The purpose of the project is to investigate the consequences of a switch from a principle of universality in the health sector to more targeted use of resources in that sector by using relatively more resources treating individuals with low levels of health literacy. Health literacy is the ability of an individual to mobilize own resources to take preventive measures or adhere to a certain treatment regimen. Investigating the effectiveness of the health care sector across individuals with varying health behavior and education, potentially lead to policy recommendations to target certain groups differently to increase aggregate health stock and reduce the increasing health care expenditures.

As the first pillar of this project, the variation in general practitioners' ability to facilitate adherence to prescription drugs are used to estimate the effects of these prescription drugs, and drug effectiveness across socioeconomic groups and health status are investigated.


PhD student Jörg Schullehner, The Geological Survey of Greenland and Denmark (GEUS)

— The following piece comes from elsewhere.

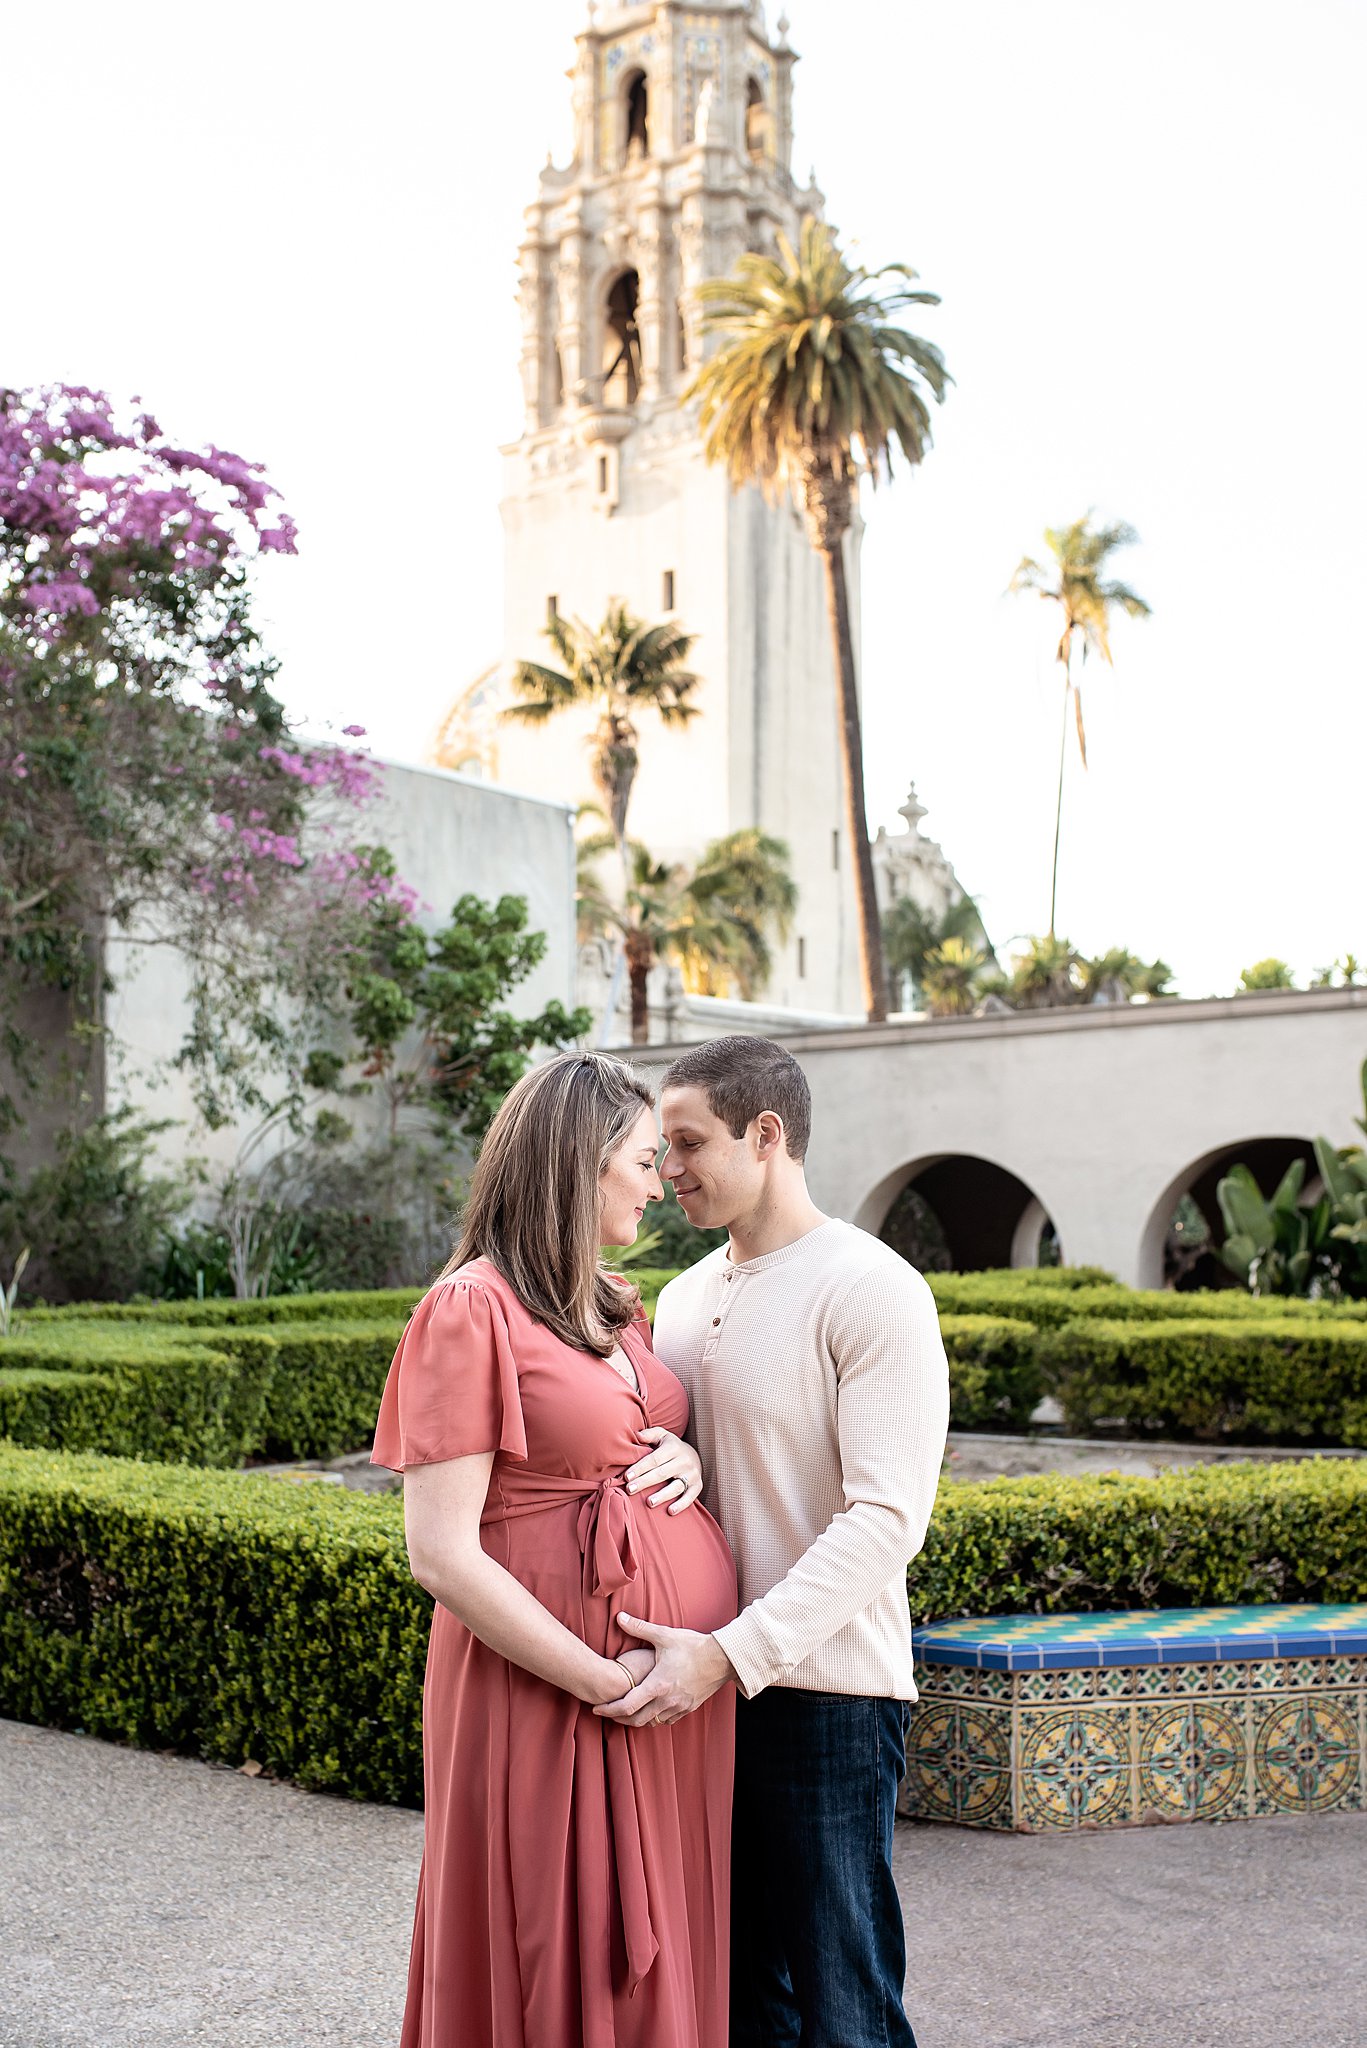 A mom to be in a pink maternity dress stands in a garden resting her forehead with her partners' san diego home birth

Stipend 01.06.14 - 31.05.15

Groundwater N-pollution and public health effects - The example of gastrointestinal cancer

This PhD project is analyzing the health effects of nitrate in drinking water in Denmark, exemplified by the case of gastrointestinal cancers. We are taking advantage of the unique set of registers that are available in Denmark. On the effect side, health data from the National Cancer Register is combined with geocoded addresses of all Danish residents from the CPR register, supplied by CIRRAU. In combination with newly developed annual drinking water quality maps for the whole country based on the national geo-database JUPITER, exposure to nitrate from drinking water at an individual level can be estimated for large parts of the population since 1978. The resulting epidemiological study will have by far the largest study population and therefore be an important input to the so far equivocal question of health effects of nitrate in drinking water.

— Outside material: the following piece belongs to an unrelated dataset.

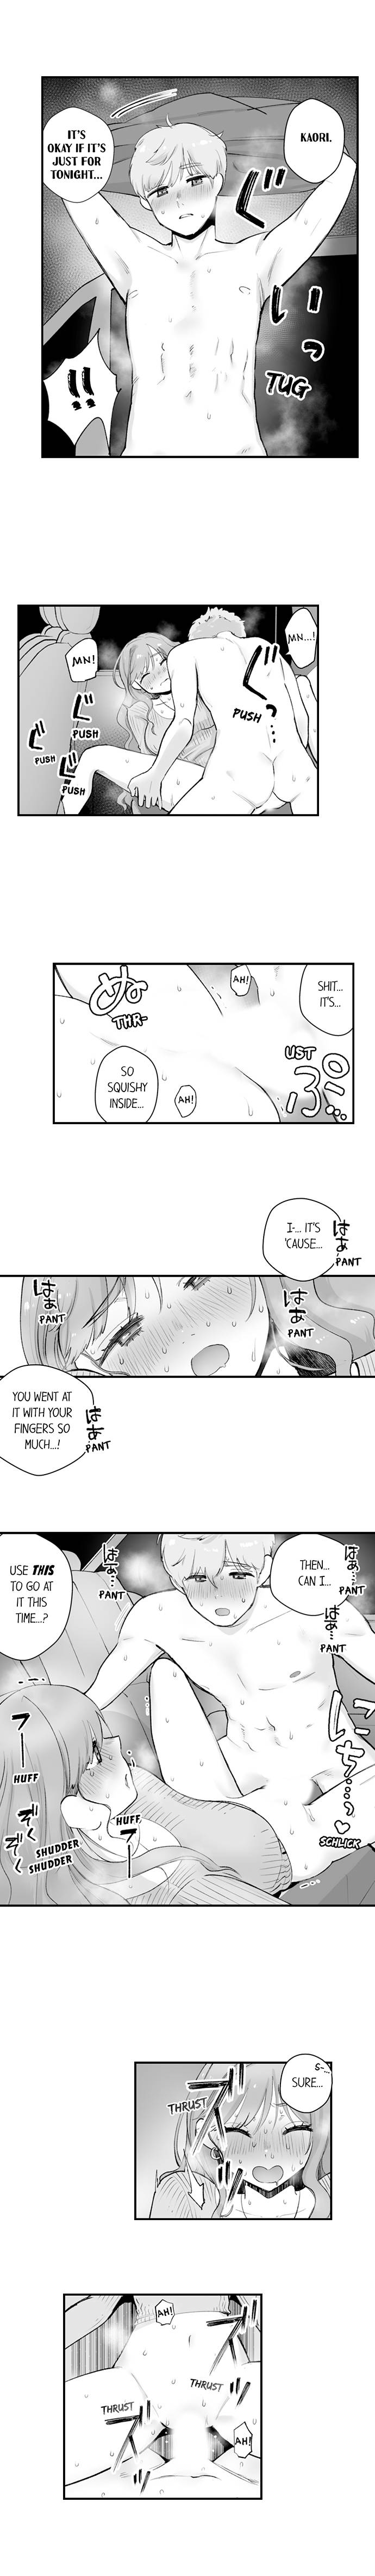 The Massage ♂♀ The Pleasure of Full Course Sex Chapter 8 - Page 7

If a positive association between nitrate in drinking water and cancer should be found, the health related costs of nitrogen use in agriculture on society will be investigated.

This PhD project is part of the research alliance DNMARK (www.dnmark.org), and funded by The Danish Council for Strategic Research and CIRRAU. It is a collaboration between the Geological Survey of Denmark and Greenland (GEUS) and Aarhus University, Department of Public Health.


Postdoc Robert G Peel, Department of Environmental Science, AU

Stipend 01.04.14 - 31.03.15

Agricultural airborne N-pollution, agricultural particle pollution and public health effects

Atmospheric particulate pollution can have a significant effect on human health, especially in the vicinity of active sources. The intensive agriculture practiced in Denmark releases large amounts of several different types of particles into the atmosphere. This project will focus on two agriculturally emitted species – ammonia, and the fungal spore Alternaria. Ammonia from agriculture makes a considerable contribution to fine airborne particles (those less than 2.5 μm in diameter) through the formation of secondary particles. Fine airborne particles are thought to contribute significantly to negative health effects amongst the Danish population, however there is evidence to suggest that the contribution from agricultural emissions of ammonia may be small. Spores of some fungal species within the genus Alternaria are allergenic, and can cause allergic diseases such as hay fever. This is thought to have a considerable health impact on the Danish population. High atmospheric concentrations of Alternaria spores have recently been linked with particular agricultural activities.

The aim of this post-doc project is to investigate the impact of agricultural ammonia emissions on the health of the Danish population. This will be achieved by assessing exposure to ammonia and its derivatives using both simple distance-related proxies and calculations performed with advanced atmospheric chemistry-transport models. Epidemiological studies will then be performed, in which exposure data will be combined with data from health and other registers.

This post-doc project involves Aarhus University researchers based at both the Department of Environmental Science and the Department of Public Health, and is jointly funded by CIRRAU and the research alliance DNMARK (www.dnmark.org).